Journal of Intensive and Critical Care Open Access

Keywords

Alcohol withdrawal syndrome; Delirium tremens; Critical illness; Benzodiazepine; Diazepam; Lorazepam; Midazolam

Introduction

In the United States, alcohol withdrawal syndrome (AWS) presents in roughly 16-31% of patients in ICUs [1,2]. While there are few prospective randomized studies of critically patients with AWS, symptom-triggered benzodiazepines administration has become a standard of care [3-5]. Some studies have suggested that long-acting benzodiazepines have the greatest evidence base for effectiveness [5,6]. We hypothesized that scheduled or symptom-titrated long-acting benzodiazepine (diazepam) compared to symptom-triggered short-acting benzodiazepines would: a) reduce total benzodiazepine requirements, b) reduce length of stay, and c). reduce medication costs for critically ill AWS patients.

Methods

The Lawrence & Memorial Institutional Review Board deemed this non-interventional records review exempt per regulation HHS46.101. The hospital uses symptom-triggered benzodiazepine administration for care of ICU and wards patients with AWS. In the ICU, the MINDS (Minnesota detoxification) scale is used until patients approach readiness for transfer to wards at which point their medications are subsequently symptom-titrated using the CIWA (clinical institute withdrawal assessment) score. In the ICU, endotracheal intubation is deferred, at clinicians’ discretion, for worsening gas exchange and/or airway incompetence.

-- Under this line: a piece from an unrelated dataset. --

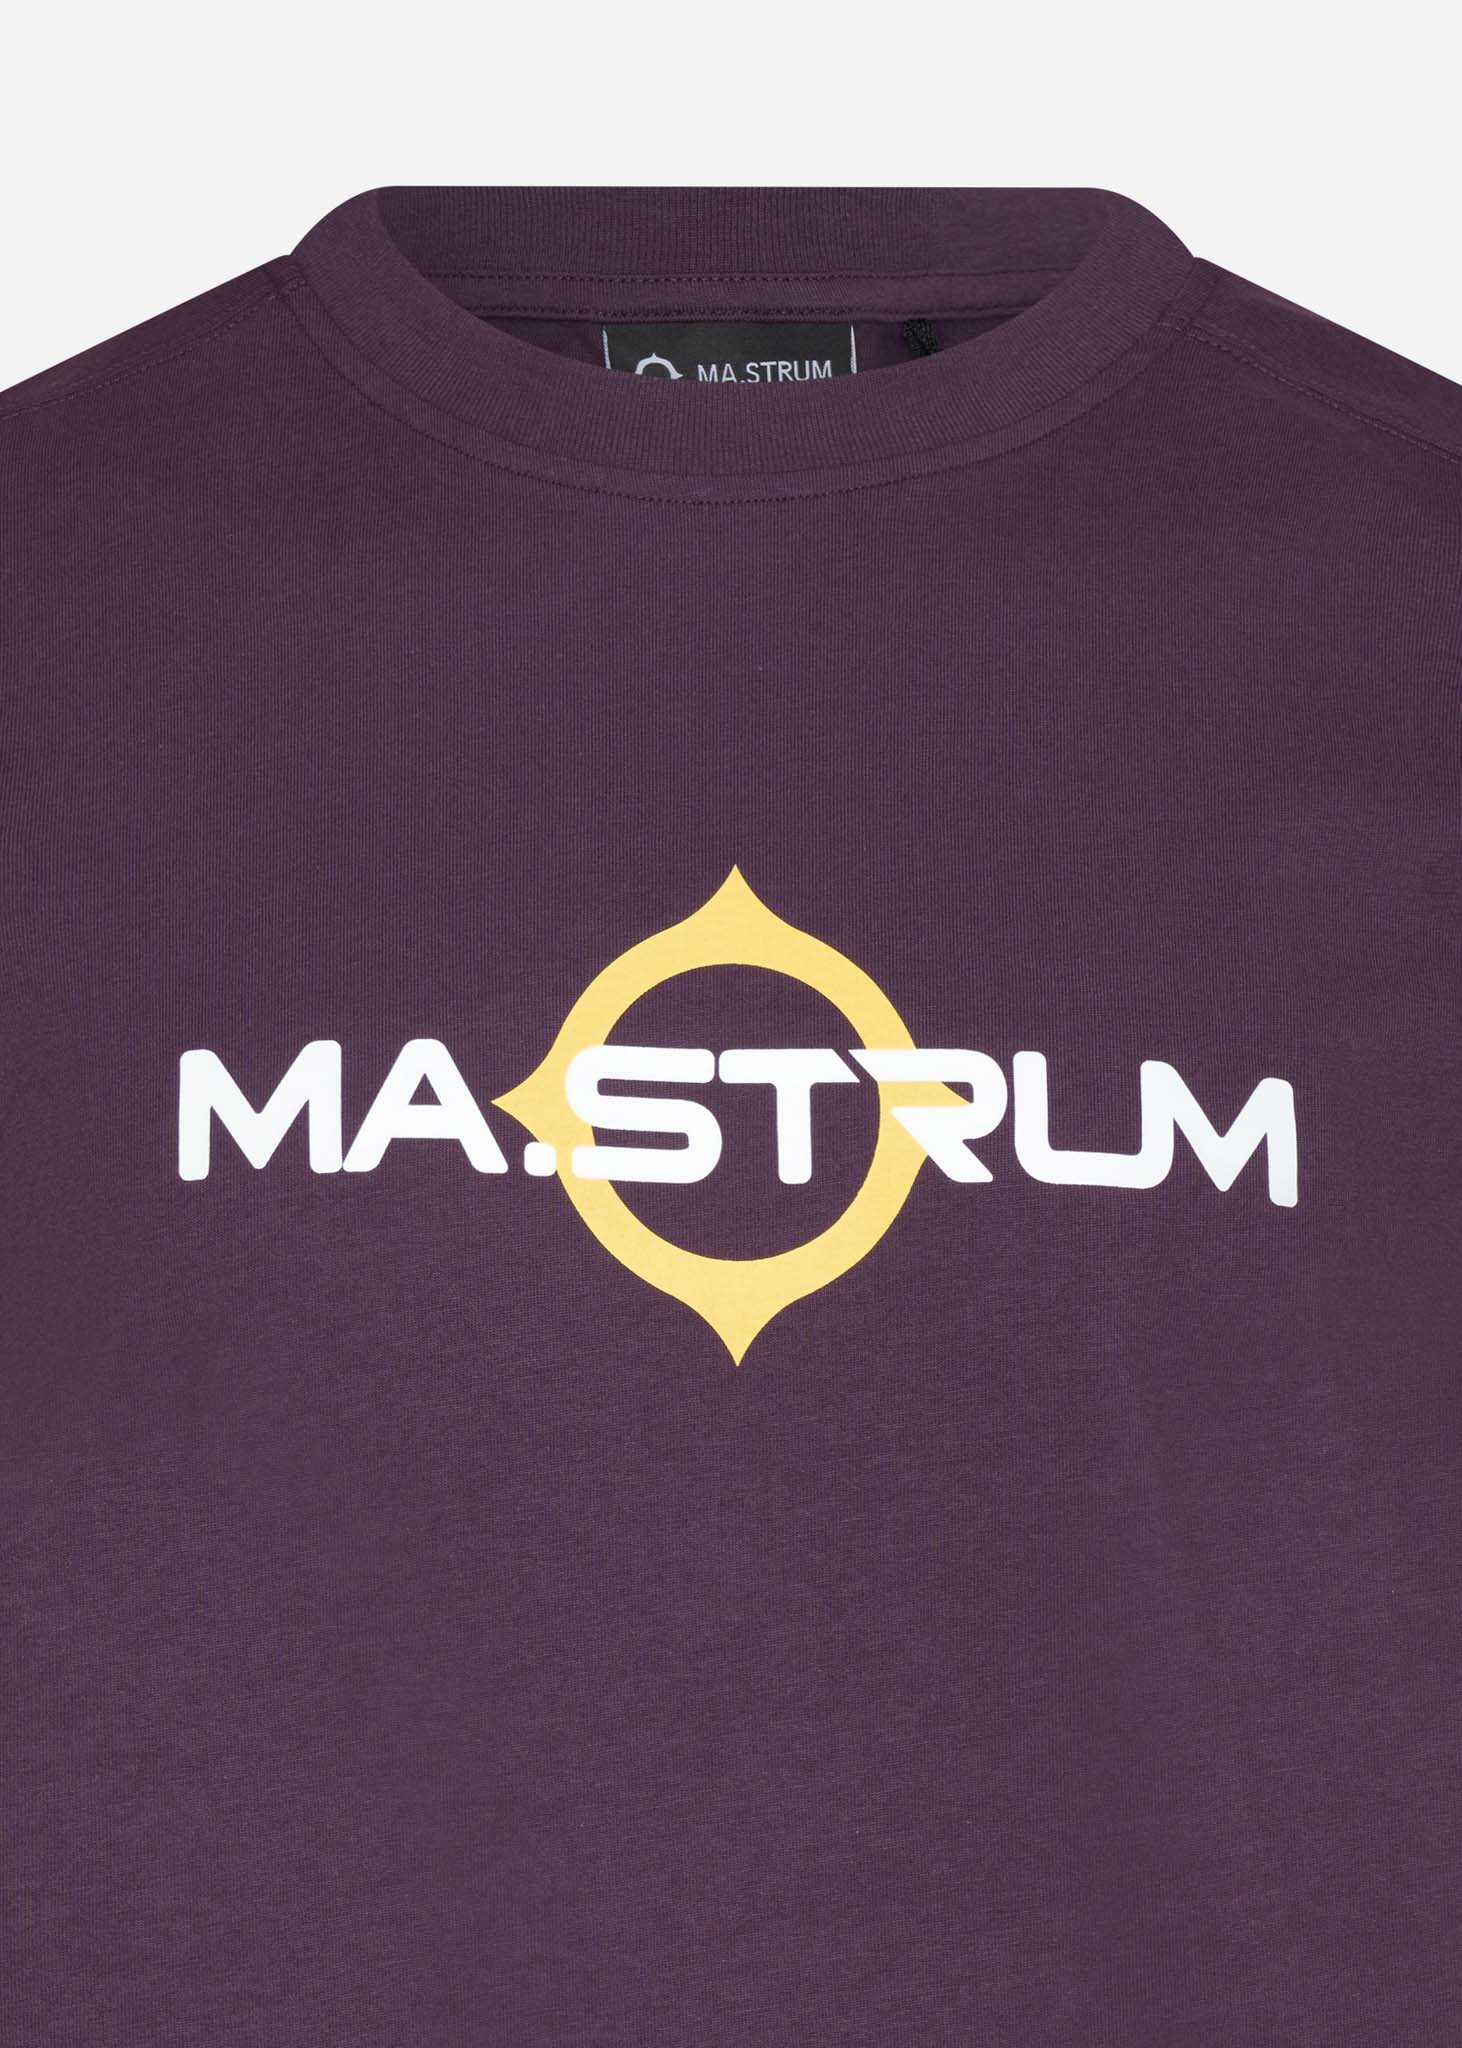 mastrum t-shirt aubergine

The ICU at Lawrence & Memorial maintains a logbook of admitted patients and their primary diagnoses. Electronic records of patients admitted for AWS between January 2014 and December 2015 were examined. Demographic, physiologic, treatment and outcomes data were extracted and APACHEII scores were computed for the first 24 h of ICU admission. The total quantity of midazolam, lorazepam and diazepam were recorded and adjusted to “lorazepam equivalents” (LE) where 1 mg lorazepam=2 mg midazolam=5 mg diazepam. Other administered medications, including paraldehyde, valproate, clonidine, metoprolol and haloperidol, were also recorded. Clinical outcomes of interest included seizures, pneumonia during ICU stay the need for endotracheal intubation and length of hospital stay. Patients receiving no scheduled diazepam and lower ad hoc doses (i.e., <20 mg, <40 mg total) were compared to those receiving scheduled diazepam in higher doses by univariate analyses. Multiple logistic regression analyses were performed to adjust for acuity of illness and physiologically plausible effectors on outcomes (mainly total administered benzodiazepine and length of stay). A P less than 0.05 were considered statistically significant.

Results

67 participants (20 female) averaged 48.9 ± (SE) 1.4 years and APACHE II 2.7 ± 0.3 (Table 1). Mean hospital length of stay was 7.8 d and patients received an average of 130 ± 26 mg LE (18.7 ± 2.0 mg LE/d). Ten patients required endotracheal intubation, 2 were diagnosed with pneumonia and 10 had seizures. All patients survived to hospital discharge.

	n=67
Age, years	48.9 ± 1.4
APACHE II score	2.7 ± 0.3
ICU length of stay, days	7.8
Sex
Male	47
Female	20
Seizures	10
O2 assisted	8
Pneumonia	2
#treated with diazepam	21
Additional meds
Paraldehyde	1
Valproate	5
Clonidine	19
Metoprolol	3
Haloperidol	30

Table 1: Characteristics of AWS patients.

The use of no diazepam, ≤ 20 mg and ≤ 40 mg were associated with significantly less LE (65 vs. 159 mg, P=0.02; 60 vs. 185 mg, P=0.008; 64 vs. 210 mg, P=0.01, respectively; Table 2). Those receiving 100 mg or more of diazepam received far more LE (252 vs. 66 mg LE, P=0.01). There was no difference in length of stay across strata of total administered diazepam. Rates of endotracheal intubation and seizures were also not greater in diazepam-treated patients. Older age was associated with longer length of stay. For example, patients older than the population average 50 years stayed 9 vs. 4 days length of stay of patients 50 years or less (P<0.0001).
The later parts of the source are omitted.